I have implemented subsidies to encourage trading of some conditional prediction market contracts that may provide useful information about the consequences of the 2008 presidential election, via a simple automated market maker (using an algorithm described near the end of http://hanson.gmu.edu/ifextropy.html). The subsidized market maker ought to provide incentives for traders to devote more thought to these contracts than they would if the liquidity was less predictable.
Intrade has agreed not to charge any trading or expiry fees on these contracts.

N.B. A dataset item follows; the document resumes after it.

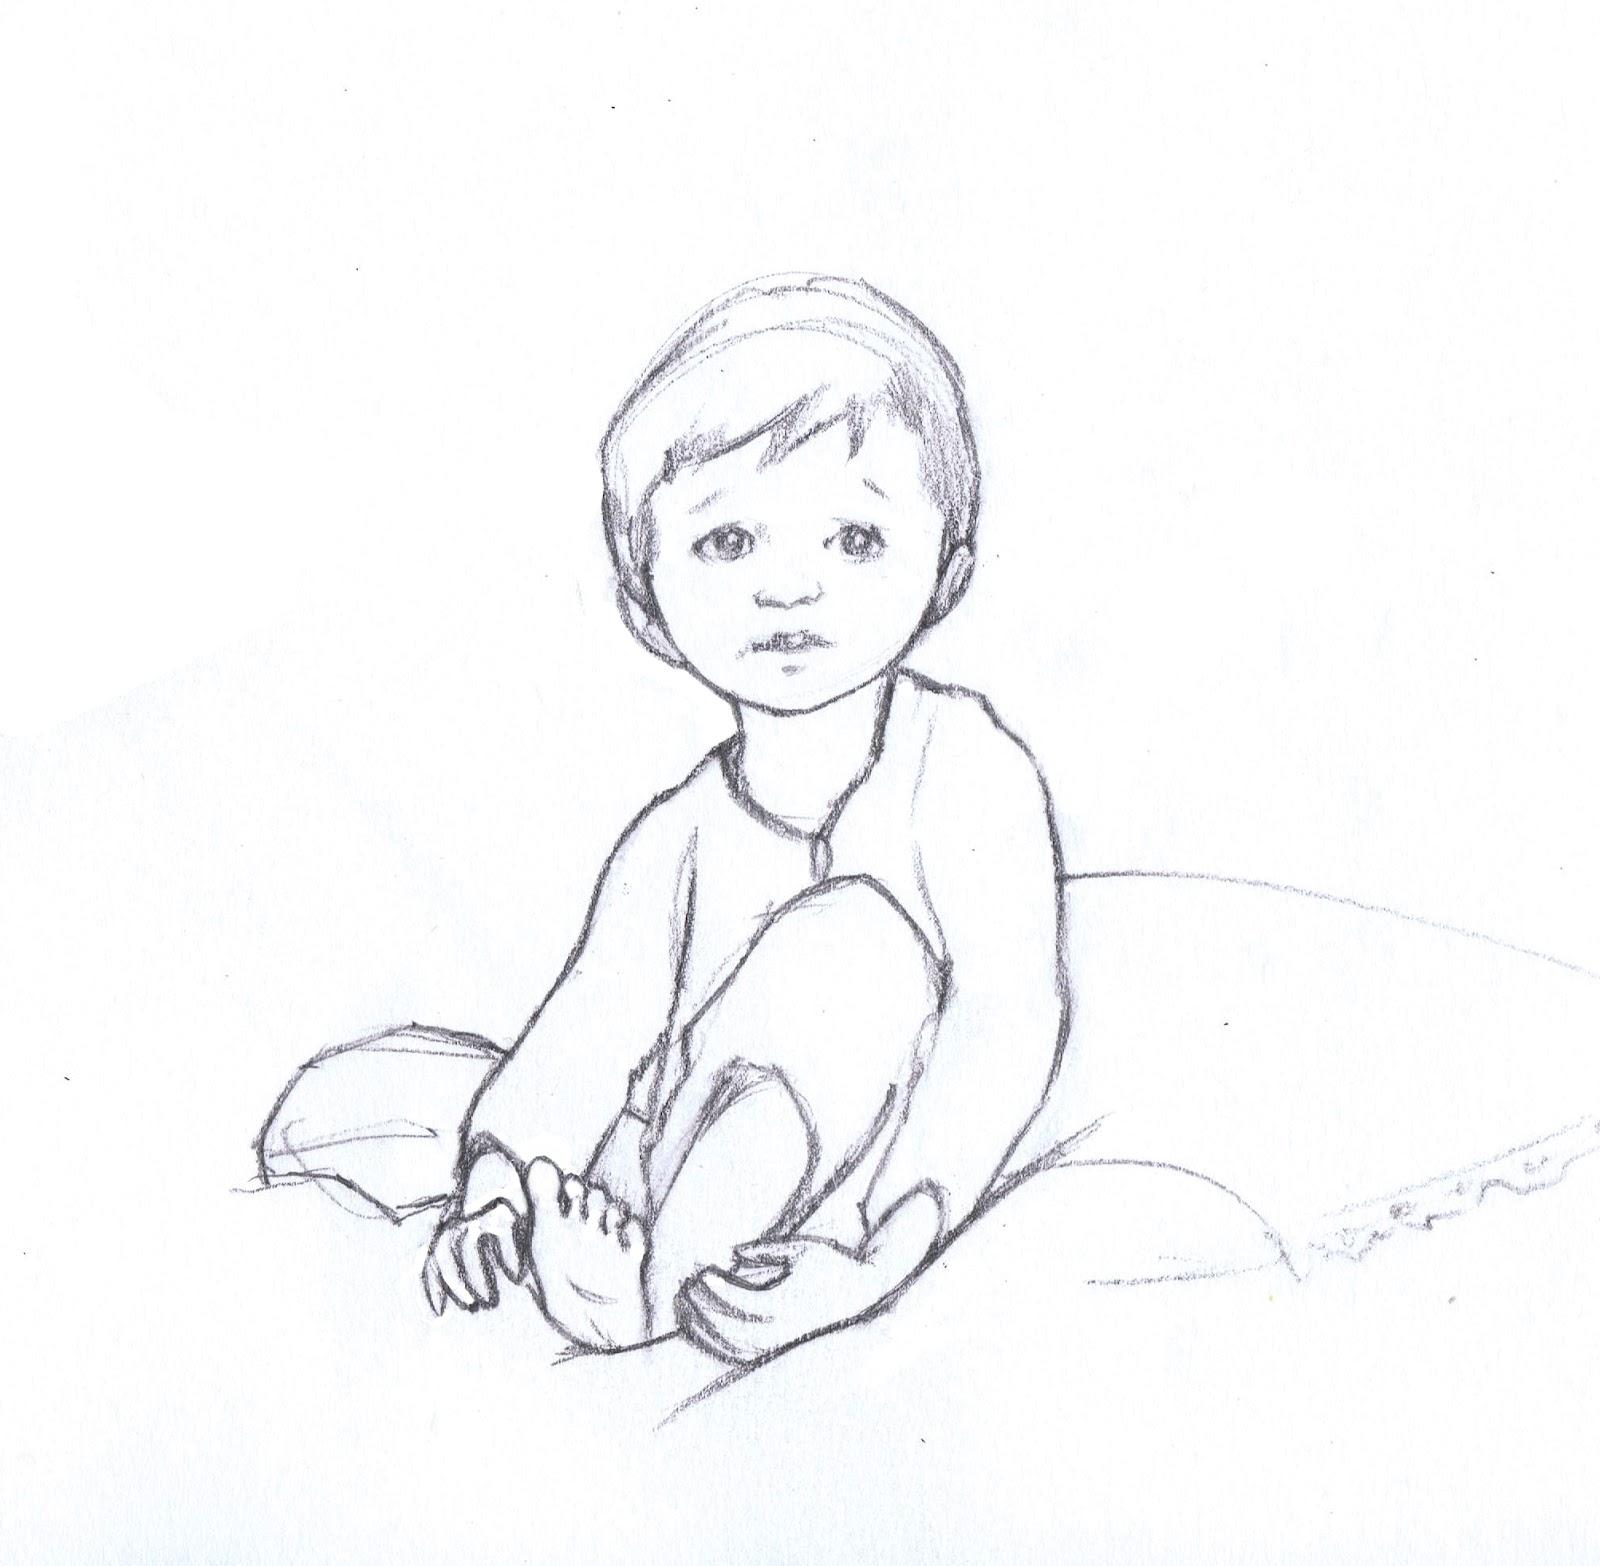 Little Boy Sketch Amy Proud Illustration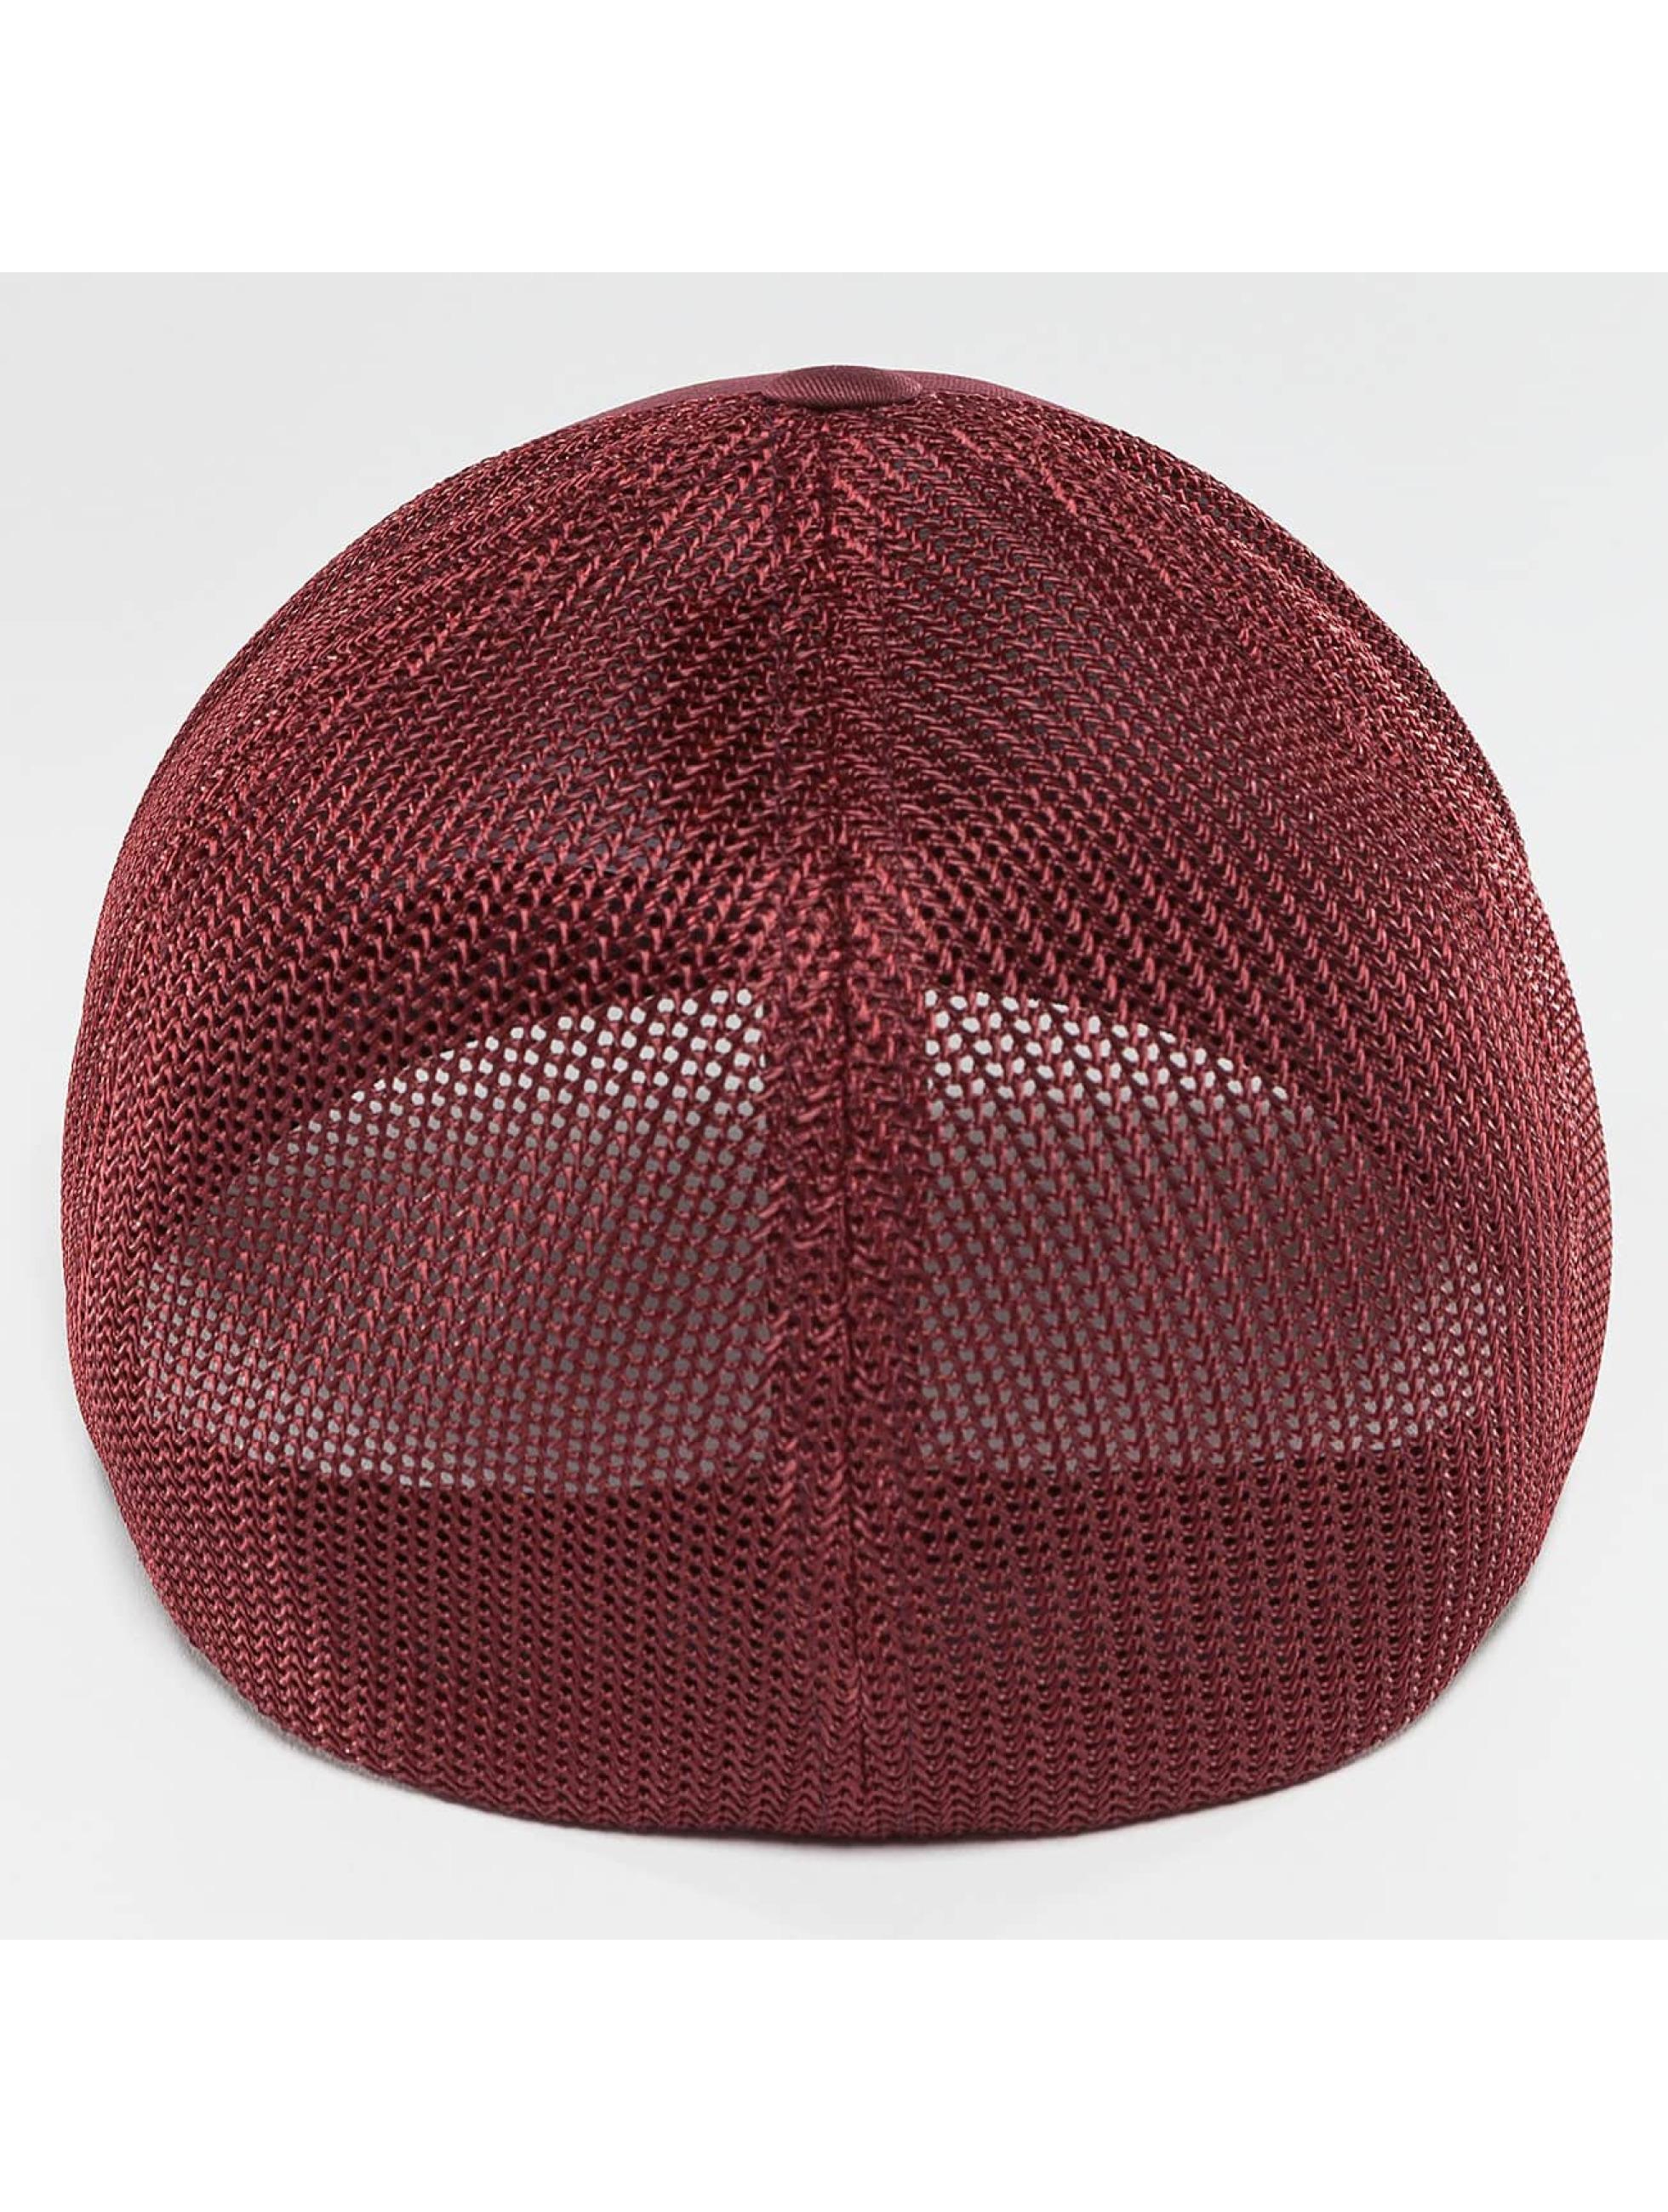 Flexfit Flexfitted Cap Mesh Cotton Twill rood

Some places to look for extensive description of the motivations behind these subsidies are here and here.
The contracts are:
-
Oil Futures and PRESIDENT.DEM2008 prices will move in same direction on Election Day
This will use the change in the December 2011 Light Sweet Crude Oil futures
contract from the close before the election (Monday) to the close after the election (Wednesday). A price higher than 50 should suggest that a Democratic victory will cause oil prices to be higher than they otherwise would be, while a price below 50 should suggest that a Democratic victory will cause lower oil prices.
PRESIDENT.DEM2008 refers to the Intrade contract for "Democratic Party Candidate to Win 2008 Presidential Election". -
Treasury bond interest rate futures and PRESIDENT.DEM2008 prices will move in same direction on Election Day
This will use the change in the December 2008 30-year US Treasury Bond futures contract from the close before the election (Monday) to the close after the election (Wednesday). A price higher than 50 should suggest that a Democratic victory will cause bond prices to be higher (and long term interest rates lower) than they otherwise would be, while a price below 50 should suggest that a Democratic victory will cause lower bond prices (and long term interest rates higher) . - Number of US troops in Iraq on 30 June 2010 if a Democrat is elected president in 2008
- NONDEM.PRES-TROOPS.IRAQ: Number of US troops in Iraq on 30 June 2010 if a non-Democrat is elected president in 2008
These are scaled claims whose value will range from 0 if the troop levels are zero to 100 if the troop levels are 200,000 (or more).
- Increase in US Government debt if Democrat elected president in 2008
- Increase in US Government debt if non-Democrat is elected president in 2008
Note that the change in debt is usually quite different from what
is reported as the budget deficit. The debt numbers will be taken from a
source such as the
St. Louis Fed
Series GFDEBTN, Federal Government Debt
These are scaled claims whose value will range from 0 if the debt does not increase to 100 if the debt increases by $1 trillion (or more).
Please read the detailed specifications at Intrade before trading them, as one-line descriptions are not sufficient for you to fully understand them.
For the first two of those contracts, the market maker will enter bids and asks of 38 contracts, and can lose a maximum of $5187.76 on each contract. For the other four contracts, the market maker will enter bids and asks of 115 contracts, and can lose a maximum of $7906.25 on each contract.
I will maintain a web page here devoted to these contracts.